▸ REQUIREMENT: Print, exactly as they stand, the lines below from the one that has "Riddle: What be" to the one that has "FRANCE CENTIME 1862", inclusive, leaving out the pictures.

▸ SUPPLIED INFORMATION:
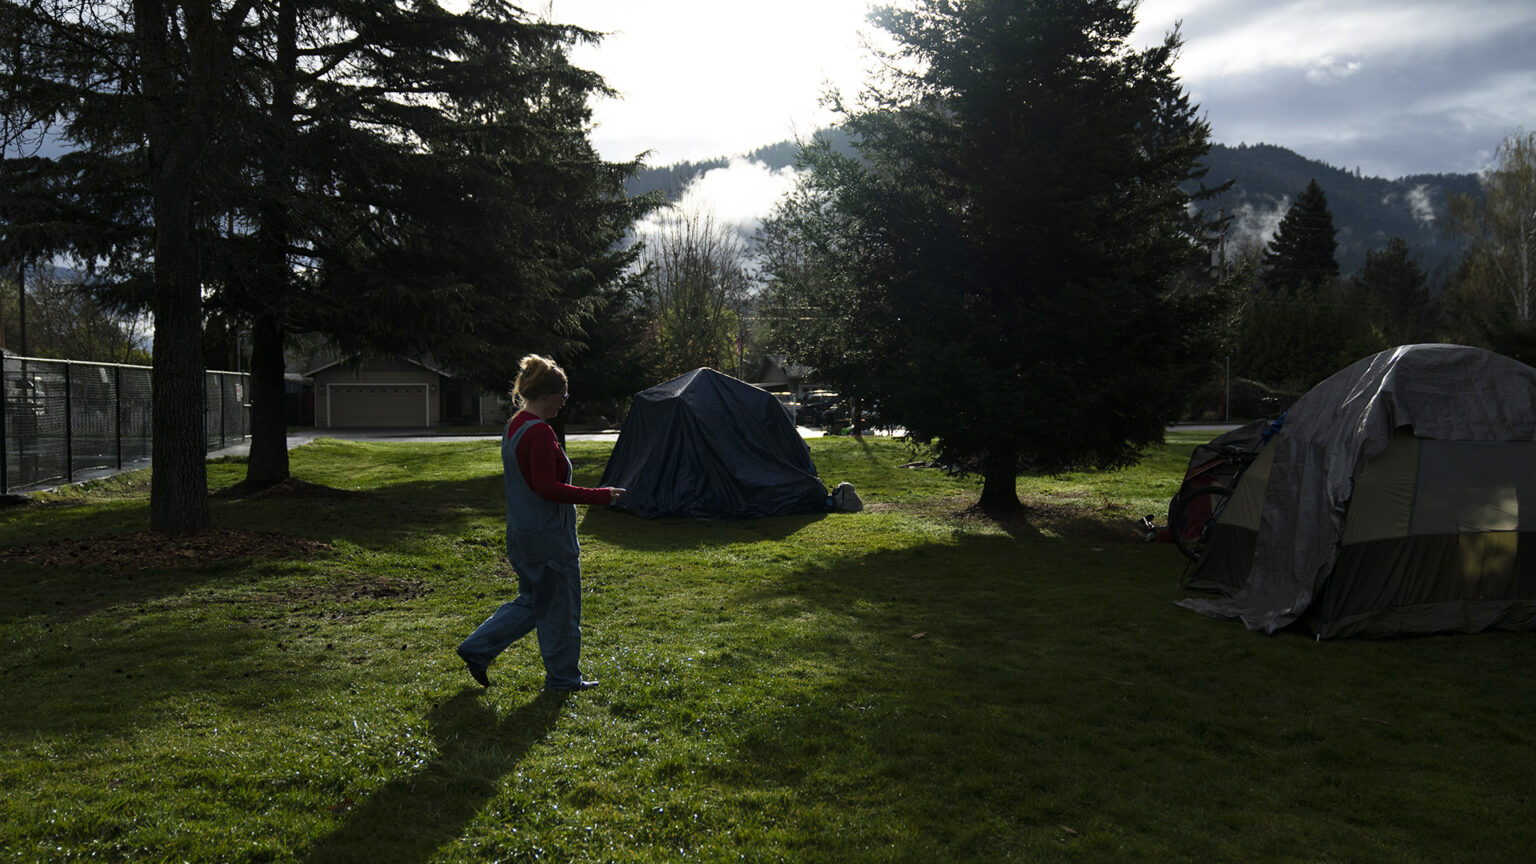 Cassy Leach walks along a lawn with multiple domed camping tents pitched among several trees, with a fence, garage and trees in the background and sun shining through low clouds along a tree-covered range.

---

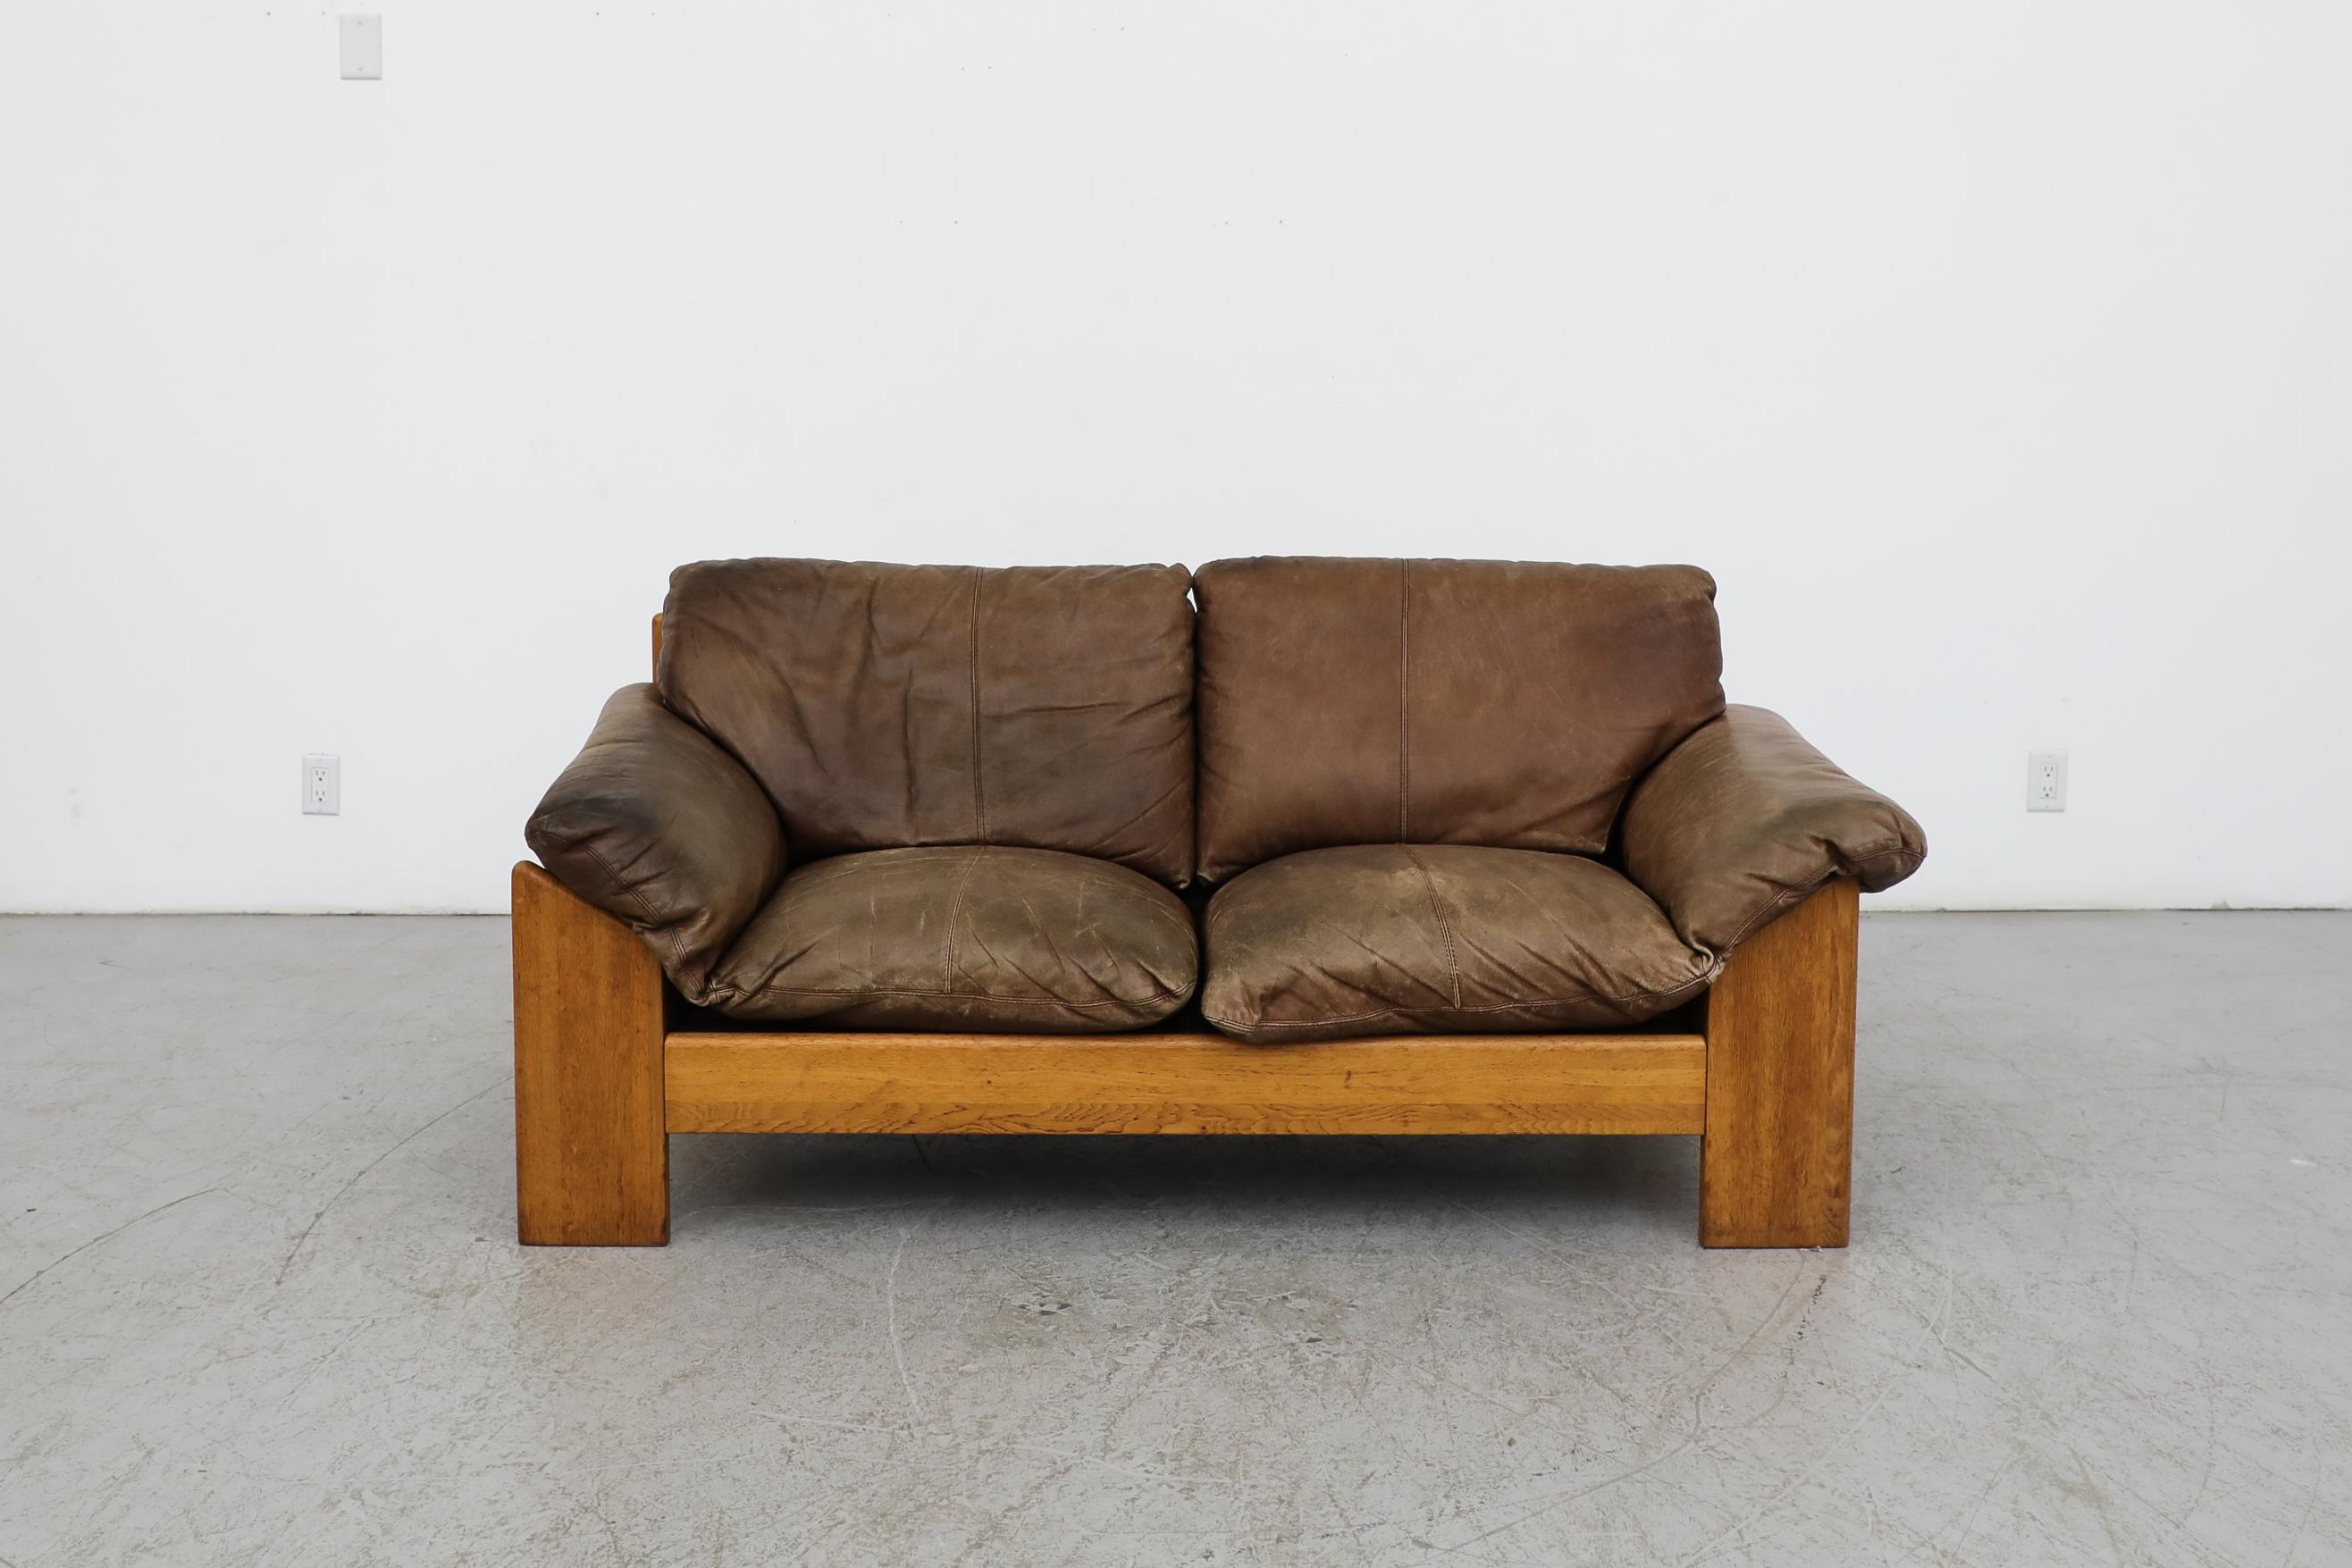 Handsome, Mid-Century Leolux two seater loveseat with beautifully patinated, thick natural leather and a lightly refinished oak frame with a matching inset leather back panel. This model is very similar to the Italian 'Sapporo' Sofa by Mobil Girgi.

==

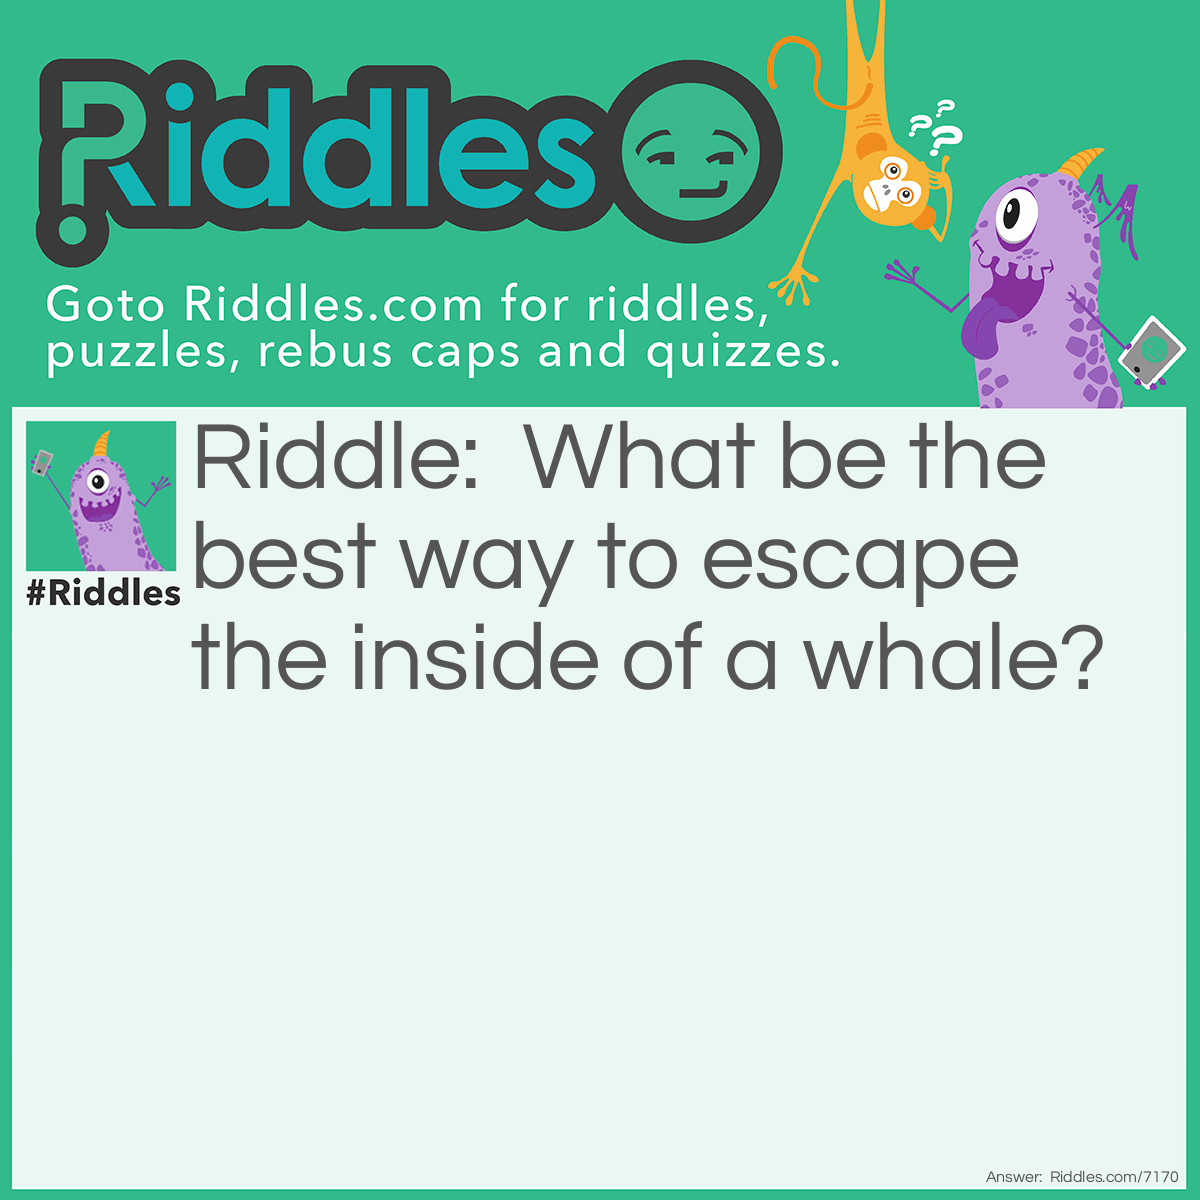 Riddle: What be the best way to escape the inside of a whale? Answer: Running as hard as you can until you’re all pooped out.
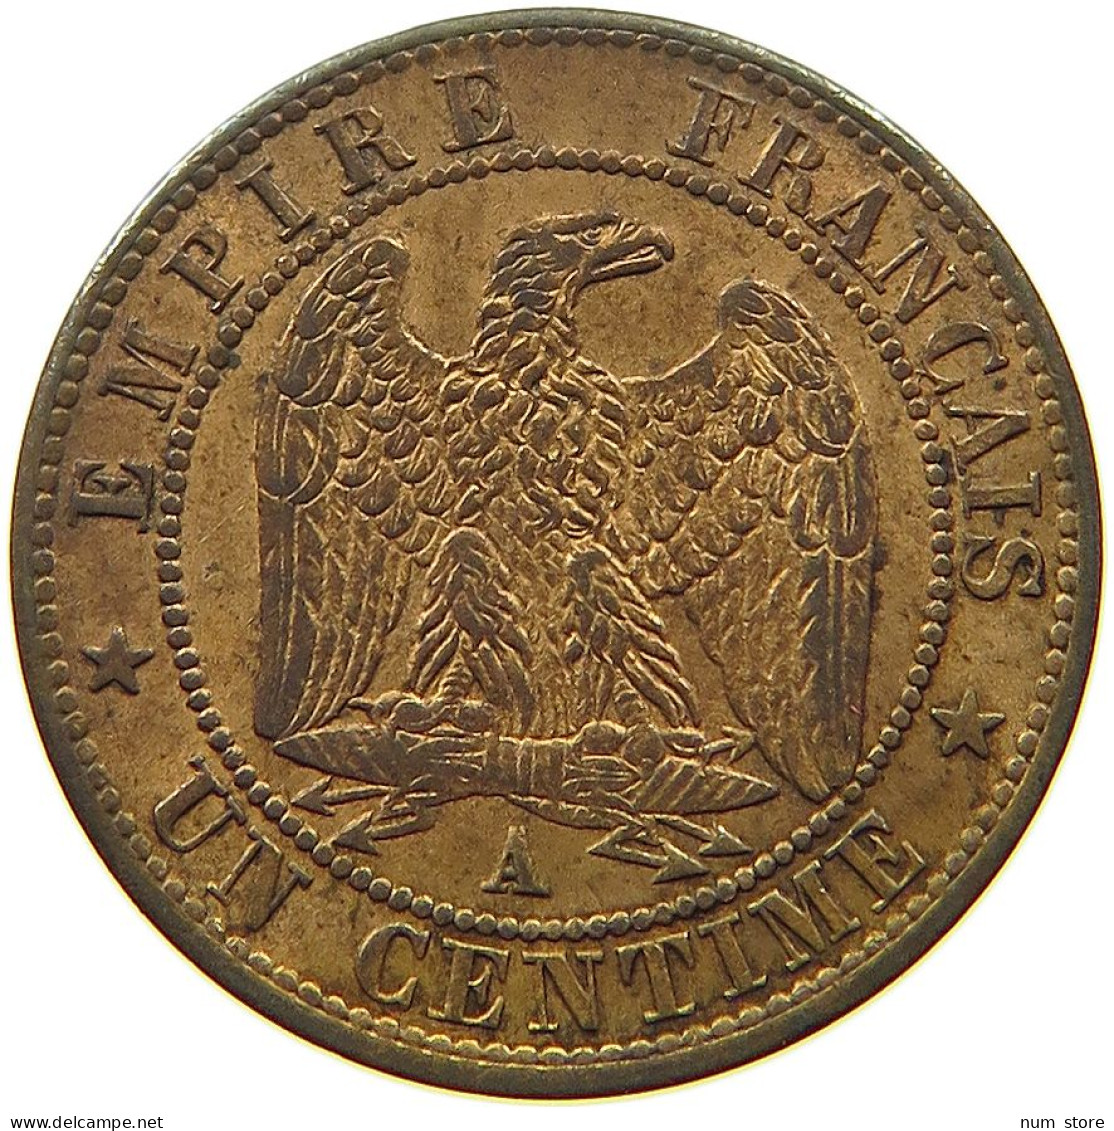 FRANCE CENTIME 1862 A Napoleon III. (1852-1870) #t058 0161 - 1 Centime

▸ RESULT BELOW:
 Riddle: What be the best way to escape the inside of a whale? Answer: Running as hard as you can until you’re all pooped out.
 FRANCE CENTIME 1862 A Napoleon III. (1852-1870) #t058 0161 - 1 Centime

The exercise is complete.